I understand the idea that HTML considers the resource monolitihic, and that it is up to the user agent to gate access to the resources in it, this is fine in some situations; but late binding of such information is an important model too. HTML also defines a case where the author creates the controls, they can't have it both ways, if they want the author to be able to build the UI then they will need a general purpose media API.

I think the idea that <audio> and <video> are somehow more concrete than <ref>, <embed> or whatever is flawed unless a known and limited set of container and essence formats is being defined (which afaik it is not) . <audio> for example would need a width and height to display embedded captions, just as <video> needs volume control for embedded audio. Timed text for example would be perfectly fine as a <video> type, and I think they even talk of SMIL as a <video> type. 

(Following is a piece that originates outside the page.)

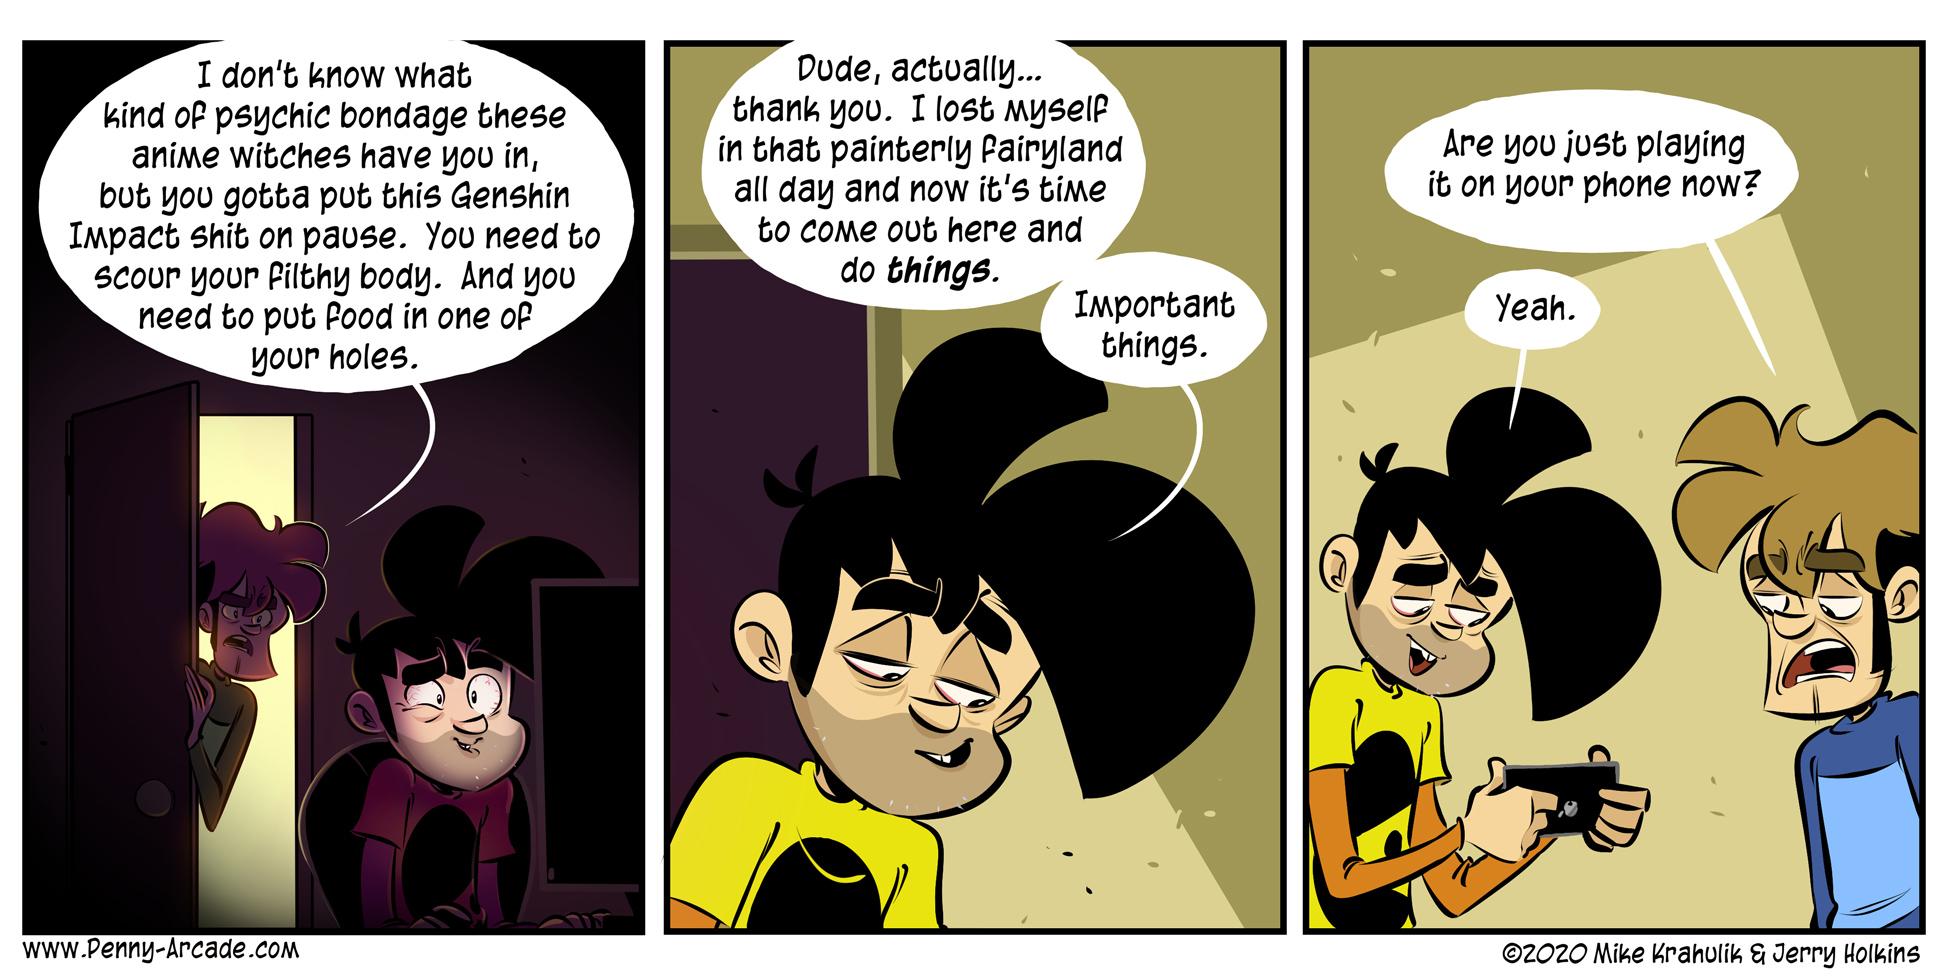 TooMuchImpact-Comics

Honestly I believe HTML would be better to just go back to an <object> and <embed> model, and leave all the complexity to the user agent and plugins, however they seem set to try and define a media handling subsystem; which is going to entail complexity. 

I would not necessarily want HTML to start including the time container elements, although there is a historical precedent for that with HTML+TIME. But if they are going to allow alternates due to codec and media attributes and media queries on player capability this could all get very complicated very quickly (at which point a single pointer to a dedicated media setup file starts looks like a good option to me).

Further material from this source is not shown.